Panel interviews historically are associated with the rigid recruiting processes of large bureaucracies. This unfortunate association, coupled with the concern that panel interviews may intimidate some candidates, has tarnished the reputation of what can be an effective and time-efficient approach to candidate selection.
Panels are most effective when comprised of three to four stakeholders— preferably the recruit’s prospective line manager, a key customer, an HR representative and a prospective peer. Ideally, all panelists should be coached in behavioral interviewing techniques.
Prior to the interview, panelists should jointly agree with the mix of competencies—knowledge, skills and attitudes—required to fulfill the job role and the desired degree of proficiency expected in each area. They should prepare interview questions targeted to these competencies.

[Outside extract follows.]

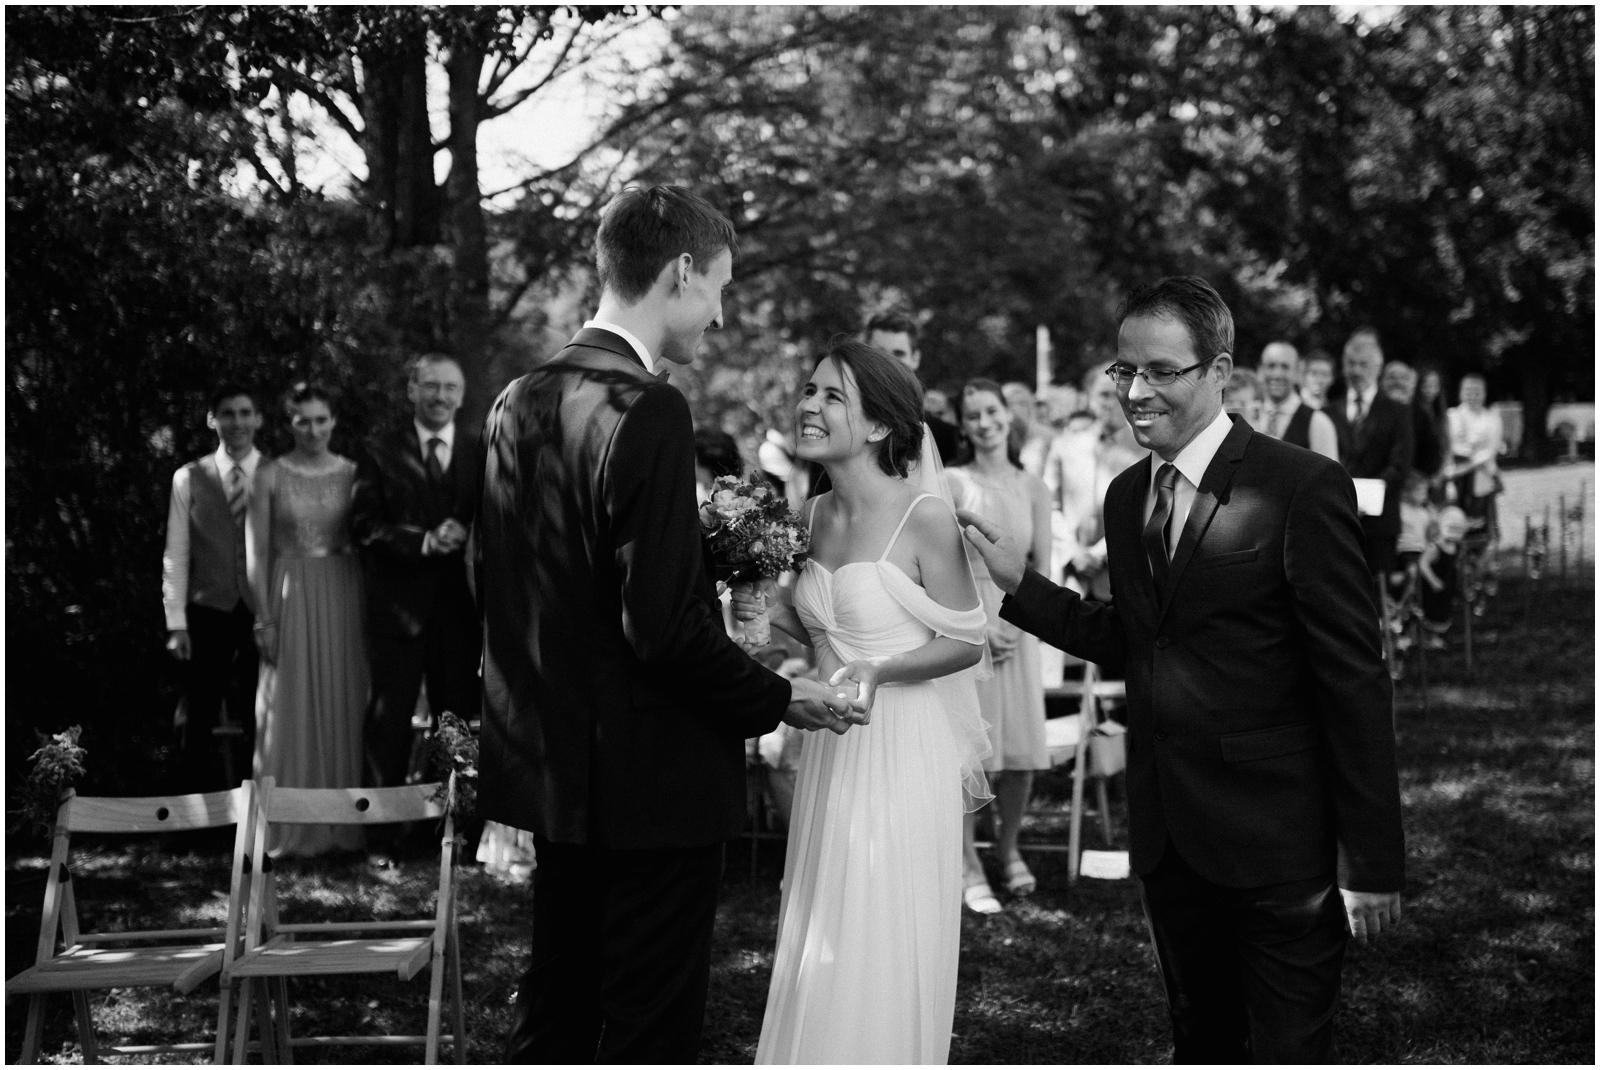 mirjam_thomas_wedding-323-2.jpg

One panelist should be appointed facilitator. The facilitator’s responsibilities will include introducing panel members to candidates; explaining the interview structure; facilitating clear communication during the interview; keeping the interview on track; and ensuring all competencies are satisfactorily probed and that no one panel member dominates the discussion.

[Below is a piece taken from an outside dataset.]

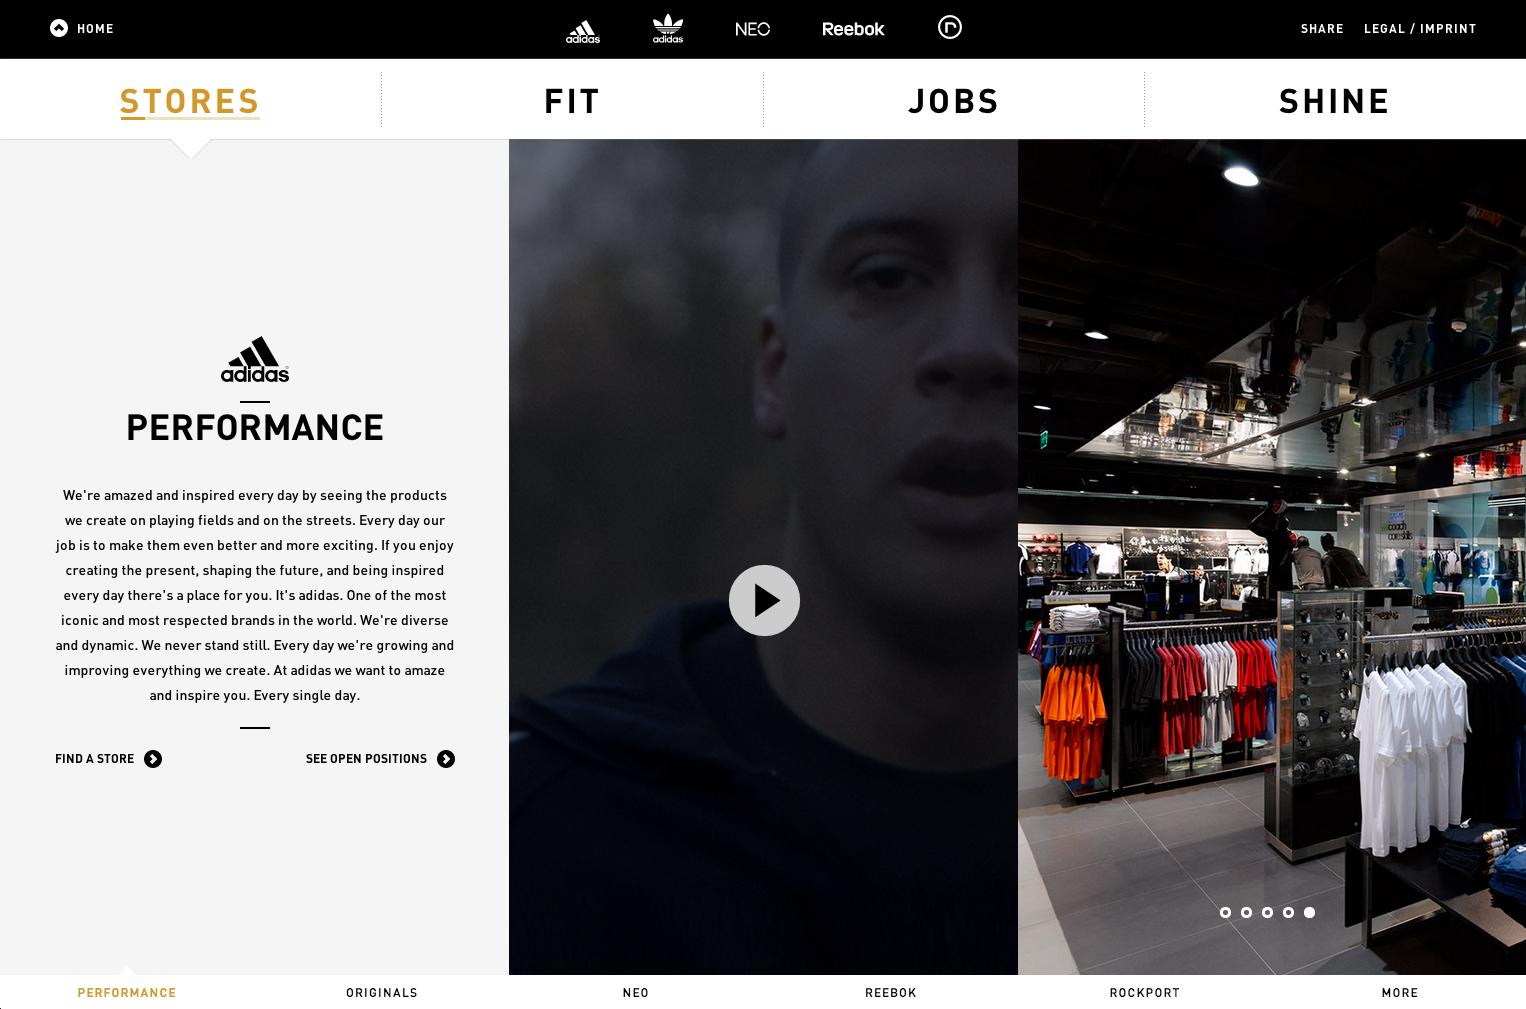 Adidas Group Retail Careers:  http://www.adidasretailjobs.com/

Questions that are asked early should help relax the candidate and establish the flow of conversation (questions about recent work experience or educational background are strongly recommended). Then, panelists should move through their preagreed questions, retaining sufficient flexibility to follow any leads into other areas relevant to the position.

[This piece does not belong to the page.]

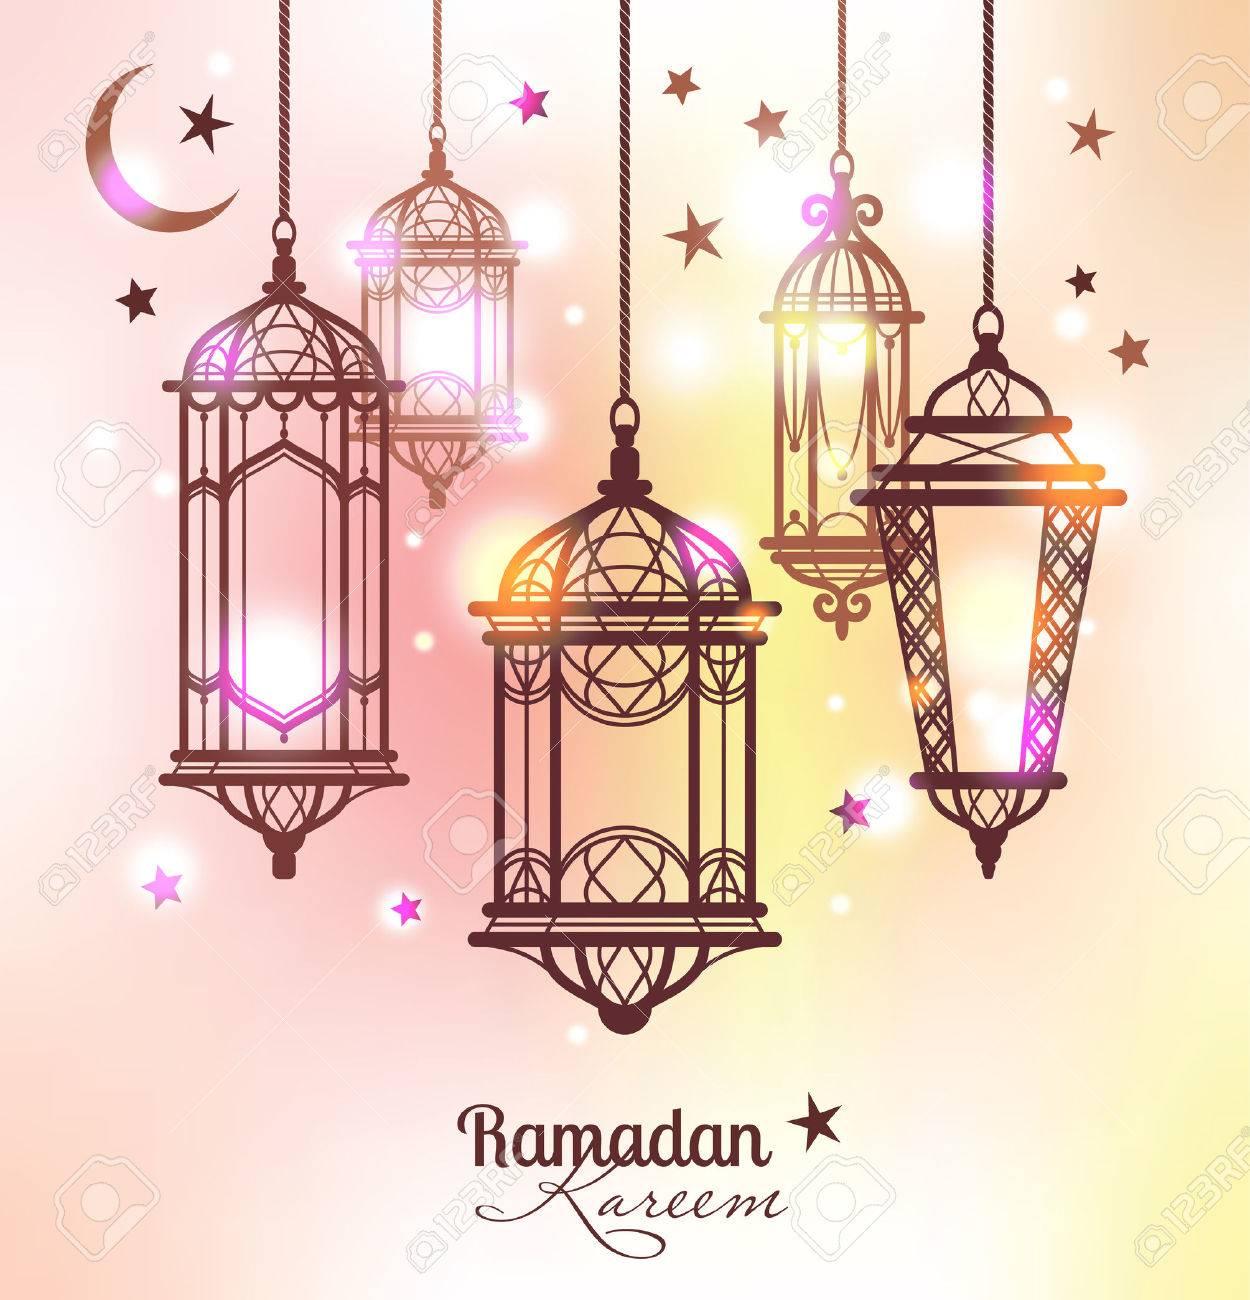 Ramadan Kareem Islamic Background Lamps For Ramadan Stock Vector

Following each interview, panelists should evaluate candidates twice across each competency—first independently, then as a group. This ensures no one individual view dominates the eventual decision. Panel interviews aren’t universally appropriate, but their advantages make them worthy of serious consideration.
Caroline-Anne Tylko, human resources manager at The Westin Hotel, Ottawa in Ontario, says:
Some managers believe everyone who will be collaborating with the incumbent should be included. But a 12-member panel not only can intimidate candidates, but also can hinder the evaluation/decision-making process—rendering it more difficult and becoming too time-consuming. Panels can be kept to a minimum by steering individuals who absolutely want to have input to submit questions to panel members ahead of time.
Panelists also should be trained. Proper training helps the panel commit to the process, develop targeted and legal questions, define potential responses, collect and evaluate relevant data, and make good hiring decisions. Training also ensures the most important factor in the process is highlighted—the candidate.
Trained panelists can ensure a candidate’s self esteem remains intact by simply paying attention to panel behavior. Curtailing behavior such as staring out the window, whispering, passing notes, doodling or brushing away imaginary lint during the interview, can make a candidate feel more valued, confident and comfortable.
Finally, the chairperson doesn’t have to be an HR representative, but a good facilitator. The chair is responsible not only for greeting the candidate and introducing the panel and interview format, but also for facilitating the entire process. It’s the chairperson’s responsibility to make sure office politics and personal agendas don’t interfere with the best candidate being hired.
Personnel Journal, October 1996, Vol. 75, No. 10, p. 111.